The radiator for the 302 engine was a 50/50 process. Being as it's a larger radiator I didn't want all the work that was involved with the 4 cylinder radiator so I first got a heater core and tried to use it but without getting into too much detail it didn't work. I then went to a local radiator shop and took my engine with me. I told the fellow what I wanted to do and he said that radiator core material comes in all different sizes, just tell him what size I needed (width) and he would find something close. The supplier would then cut it to any length and solder the top, bottom and side plates to it. I think at the time it cost me $65.00. I then made up another set of dies to strike the top and bottom tanks but as with the 4 cylinder engine I got a lot of wrinkles. I didn't like the look of the tanks with all the wrinkles so I only used one of them for the bottom. The top tank was machined from a solid piece of brass. Pictures attached. 

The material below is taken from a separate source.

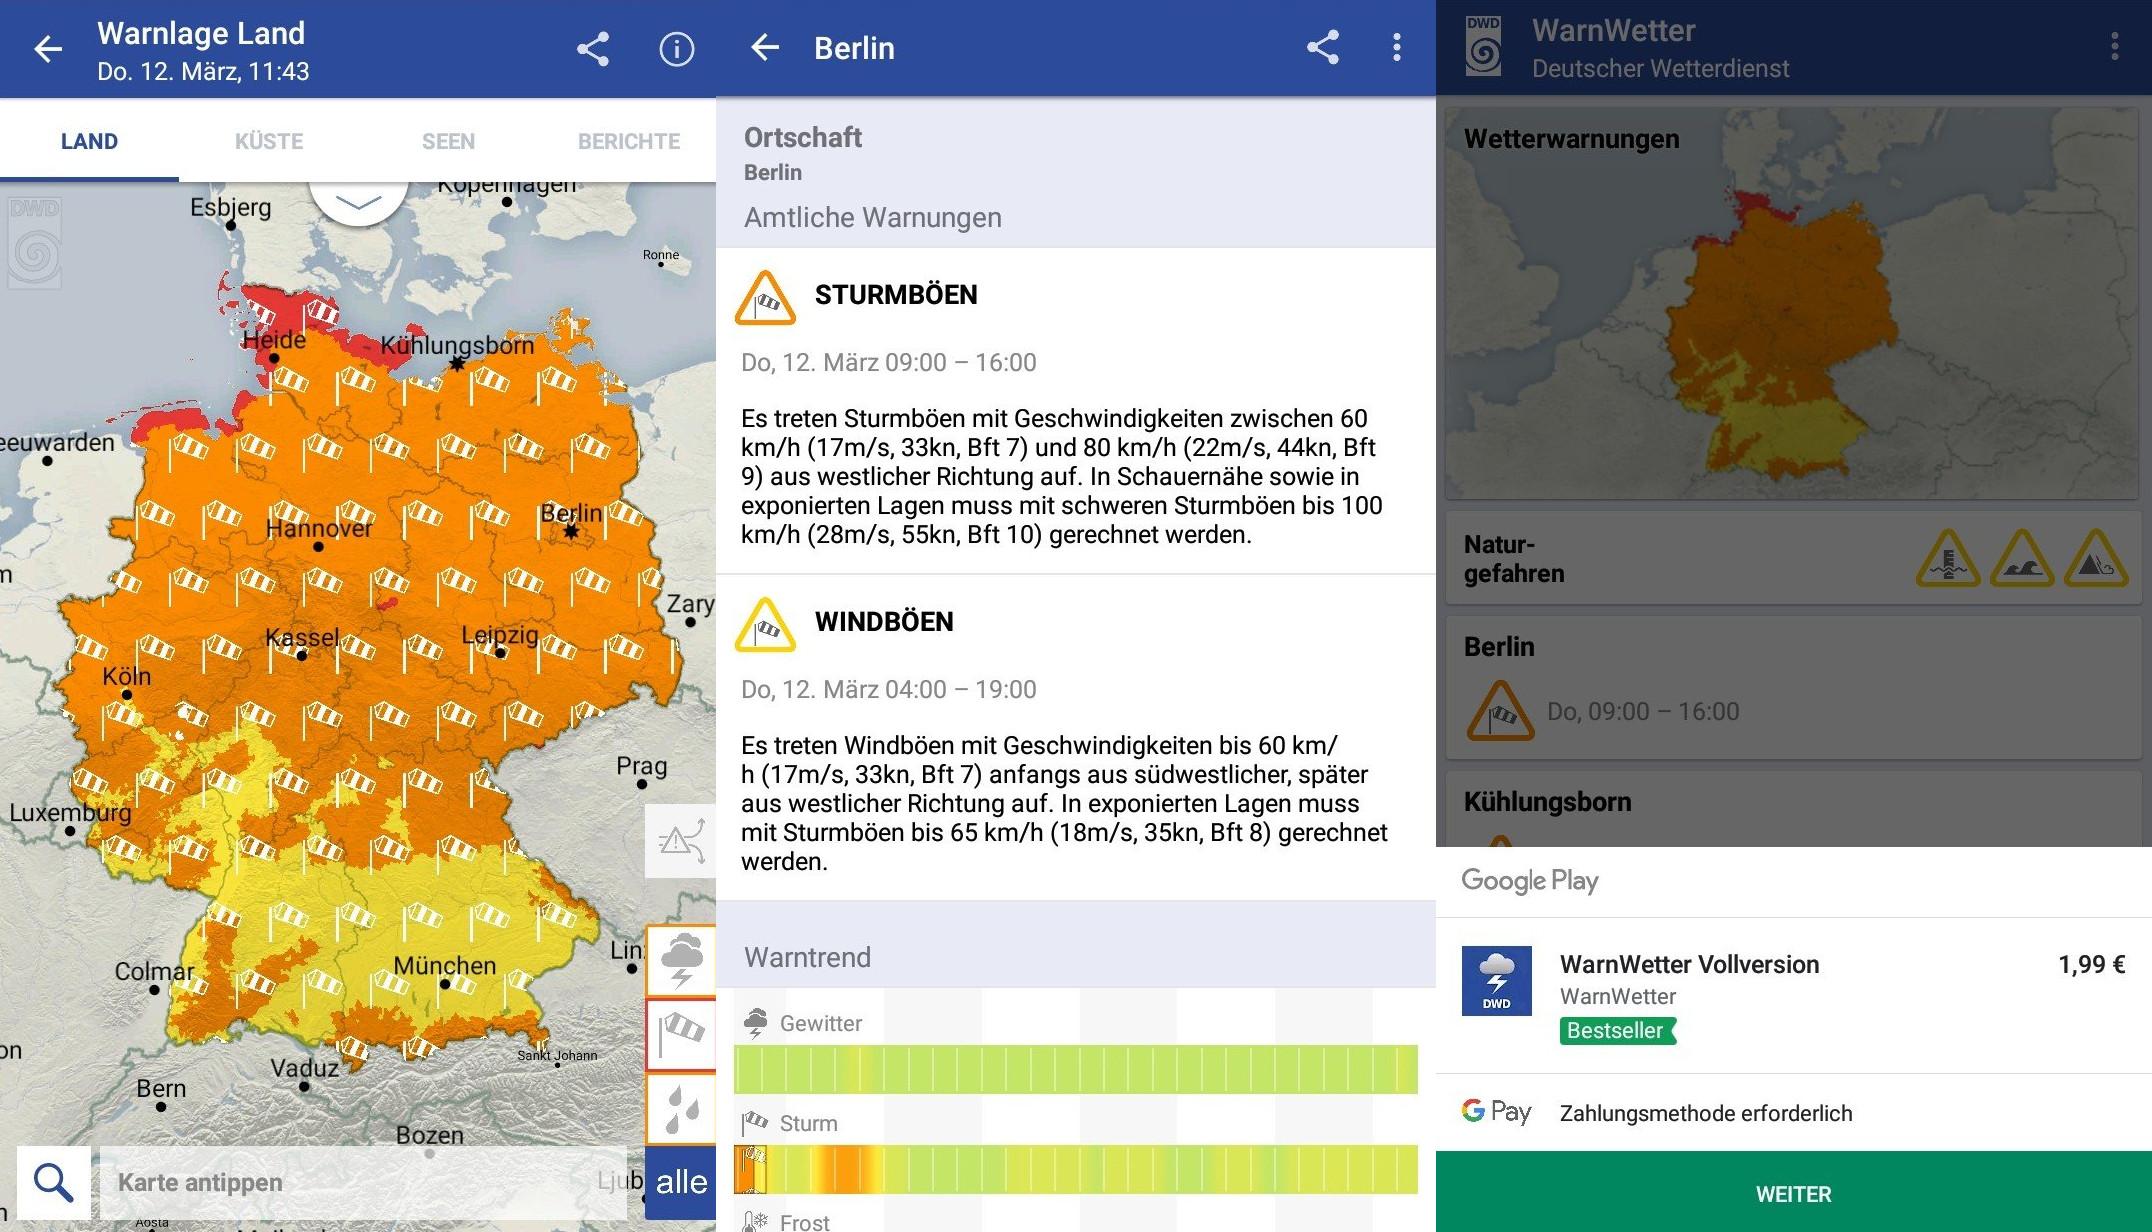 Screenshots der DWD-Warnwetter-App

The last style of radiator that is on my Holt engine is completely machined from brass stock. The cores are pieces of brass square stock, cut to length, drilled through and then the fins were formed by using a parting tool and cutting them into the stock. I have to give credit for this design to the late Jerry Howell. The top and bottom tanks were both machined from brass bar stock and then the whole thing was soldered together. Pictures attached. 

gbritnell


----------



## Jasonb (Dec 29, 2012)

Niceonetidy said:


> Do you need to subscribe to view the articles?
> 
> Thanks
> 
> Colin


 
Yes, the older mags are still in paper format so you would be buying back issues. From the current issue 28 onwards your subscription lets you view the mag on line in pdf form which can be saved to your own computer.

J


----------



## stevehuckss396 (Dec 29, 2012)

I made my radiators both the same method. The peewee is vertical and the V8 is horizontal.
I make the core from hobby shop parts from the brass bin. Tubing is .156 thin wall and the fins are .015 X 1/2 inch wide.





&#12288;
I make a fixture to drill all the fins so they line up perfectly. 





&#12288;
&#12288;
Then the fins and tubes are again fixtured so they can be soldered. I silver solder my cores so when
the tanks are soft soldered on, I won't unsolder the core.










&#12288;
&#12288;
I make my tanks with bar stock and solder all the pieces into them.





&#12288;
&#12288;
&#12288;
Then the tanks and cores are soldered together.





&#12288;
&#12288;
&#12288;
Then a piece of brass C-channel is put across the top and bottom to dress out the core.





&#12288;
&#12288;
&#12288;
Demon V8 Horizontal flow after a rub on the buffing wheel and some flat black paint.





&#12288;
Peewee vertical flow.





&#12288;
&#12288;
&#12288;
&#12288;
&#12288;


----------



## S3MIH3MI (Dec 29, 2012)

I know part of the fun is making it from scratch, but could you not buy a CPU water cooler. There are so many different sizes and looks. Then just build a nice cover top and bottom to represent the tanks. You can even get them with fans.

https://www.google.ca/search?q=cpu+...mhqwG39oHYBQ&ved=0CAoQ_AUoAA&biw=1787&bih=916

Just a thought


----------



## camm-1 (Dec 30, 2012)

Wow!
Thanks for all that info!
Ove


----------